The captain and her teenage nephew were scouting the beach for useful debris from their shipwreck. Random bags and boxes had floated onshore near them. The boat lay in ruins on the rocks. It finally struck Justin that they were shipwrecked for real. Three weeks earlier Justin had begun planning for the start of his 8th grade year. Then, out of the blue, his mother told him that they were going on a chartered Caribbean sailing trip with people he didn’t know. While on this trip, a storm overtook the ship. And now here he was, stranded with his shipmates. It felt like some bad t.v. movie plot.
Justin’s mother held onto him silently. Jesse, the weather guy, stood up to help the captain. The three college students, a guy and two women, sat huddled against a stone. Justin could hear the captain speaking with her nephew and Jesse, but the rest of them just stayed silent.
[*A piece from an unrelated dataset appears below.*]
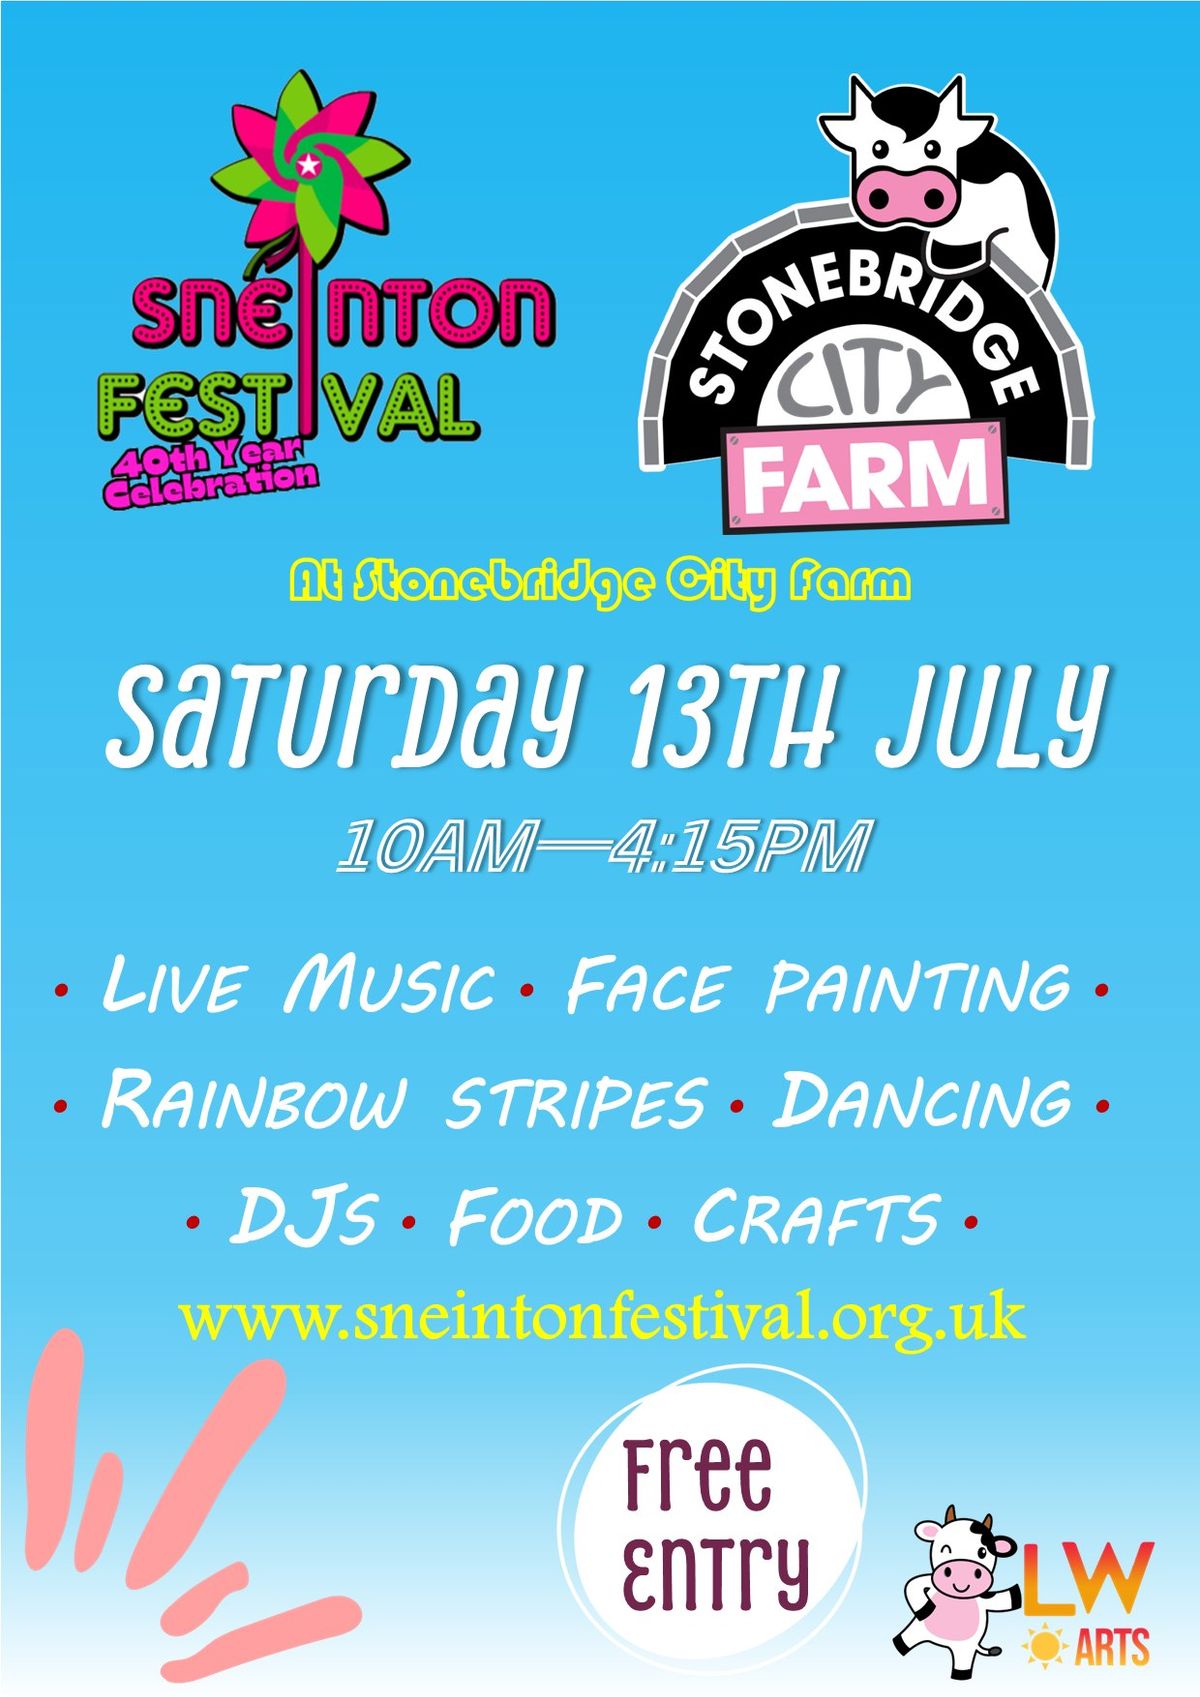 Sneinton Festival at Stonebridge City Farm

The Captain, her nephew and Jesse came towards them with several sacks salvaged from the ship. 
“Look” she said, “we have to accept the fact that we’re stuck here on this island until we can figure a way get off. Jake, Jesse and I were talking and we think we should explore this place. An island this big has to be inhabited by people somewhere. There must be some sort of town or something over in that direction.”  She pointed up over the red clay cliffs to the green mountains. “We’ll split up into two groups: Jake, Justin and Cynthia will go with me with up the beach and out over that pass in the distance. Jesse, Jeanie, Marge and Miguel: you guys will head up over there, “she pointed to what looked like a crack in the cliffs that formed a sort of pathway up into the mountains. Justin saw Miguel get all serious, even a little bothered, by what the captain said, but kept quiet.
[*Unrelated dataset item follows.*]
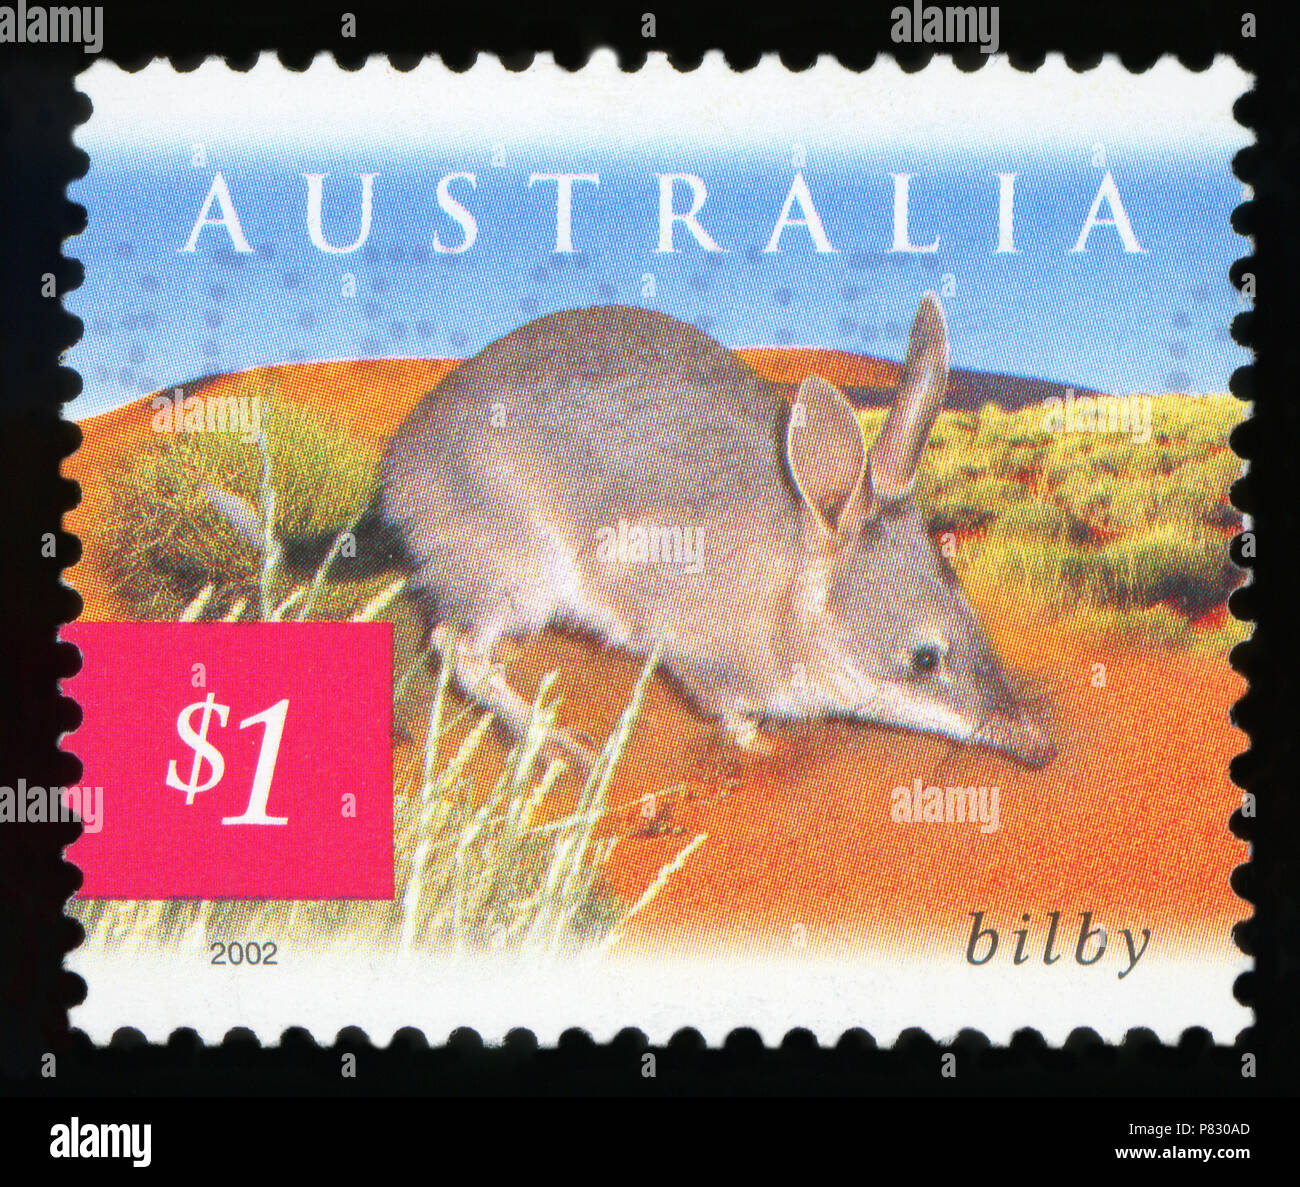 Australia - Sello - impreso en Australia muestra bilby, circa 2002 Foto de stock

The Captain and Jesse both emptied out the sacks they had carried over to the group. Out fell rope, food packages, canteens and random other items they had deemed useful. Jesse took up one of the empty sacks and said, “These sacks can be fashioned into a sort of backpack. We’ll split up these items between the two groups. We figure that when one of the groups finds civilization, it can send out one of these flares.” He held one up to show them. 
“This is getting more like a silly t.v. show every minute,” Miguel muttered. Jesse ignored the comment and continued. Everyone else started to divvy up the stuff between the two sacks. Jesse approached Justin with two large canteens and a cup. 
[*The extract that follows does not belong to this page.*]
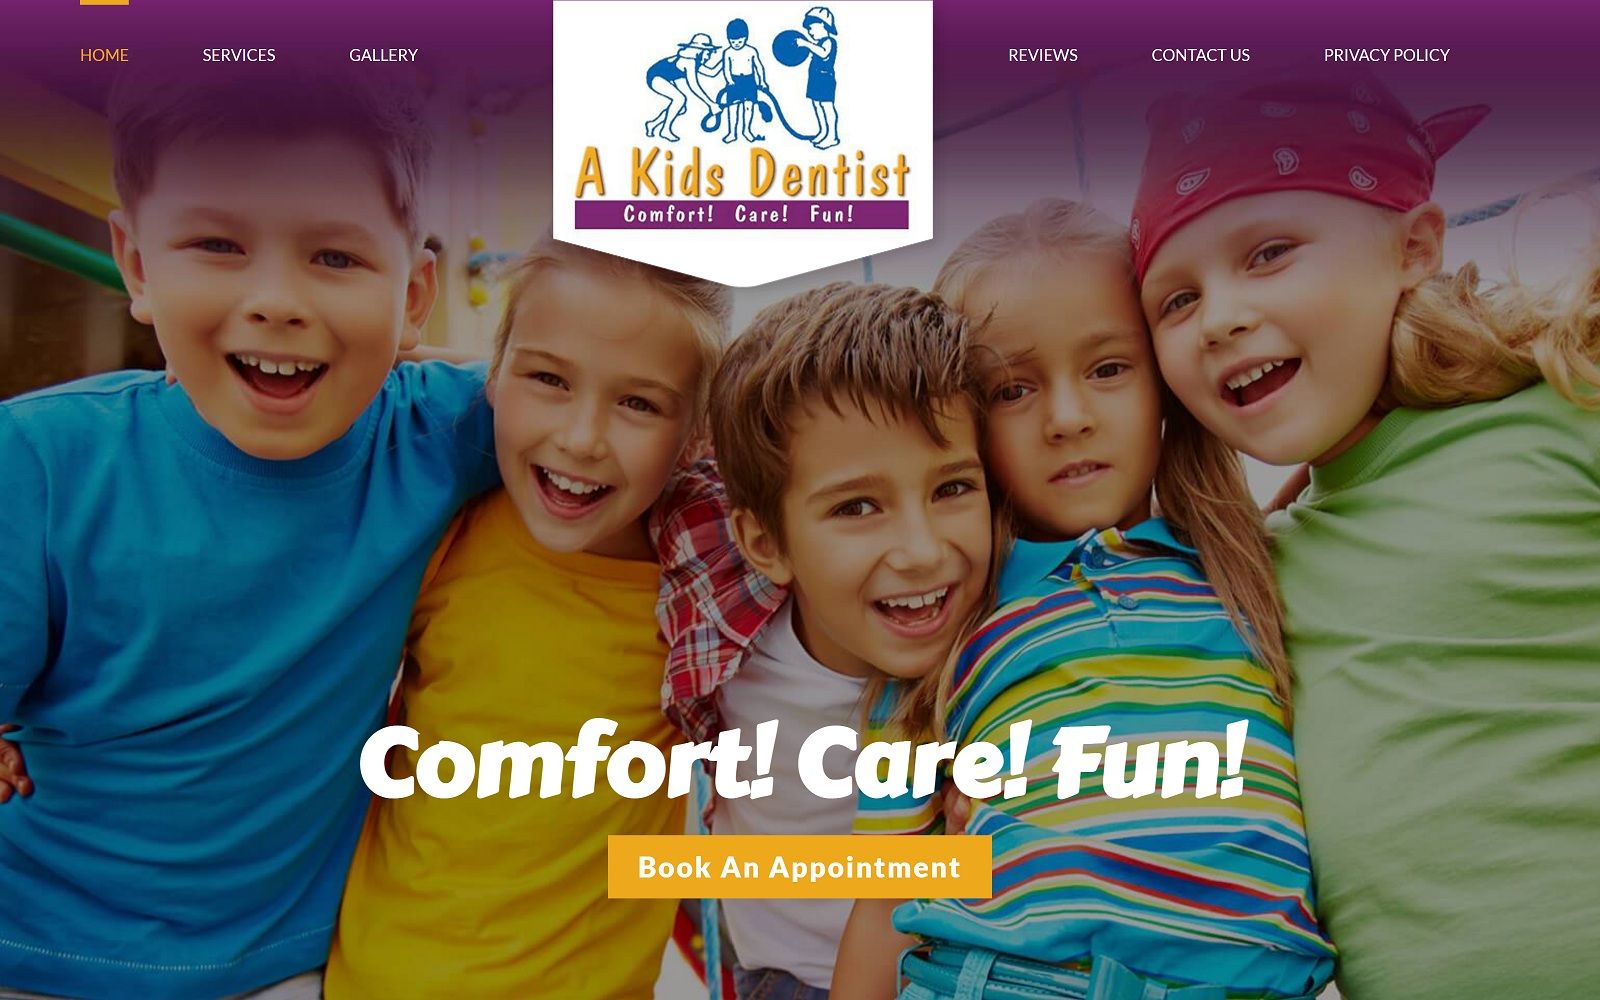 The Screenshot of A Kids Dentist akidsdentist.com website

“Hey Justin, I have this task for you. In this first canteen I emptied a liter bottle of water. In this other is a liter of Gatorade. Both of the bottles were starting to break.  We want to split the liquids up evenly between the two groups but we only have these two canteens to carry them. We’ll have to mix every thing up.”
“How will we know he’ll do it fairly,” interrupted Miguel with some severity. Justin grew a little nervous at Miguel’s apparent mistrust of him.
“That’s easy,” replied Jesse. “All you have to do, Justin, is pour out a cup of this Gatorade, mix it into the water canteen, then pour out a cup of that mix and put it back into the original Gatorade canteen. Both canteens will have not only the same amount of liquid, but also the same concentration.”
Your task: Is Jesse correct? If this is true, does this method work for any volume. If false, is there a better way to do this with the materials available to them?

1 comment:

  1. Well, they won't have the same concentration. But they'll have what I'd call complementary concentrations: the same amount of Gatorade will be in the water canteen as there is water in the Gatorade canteen.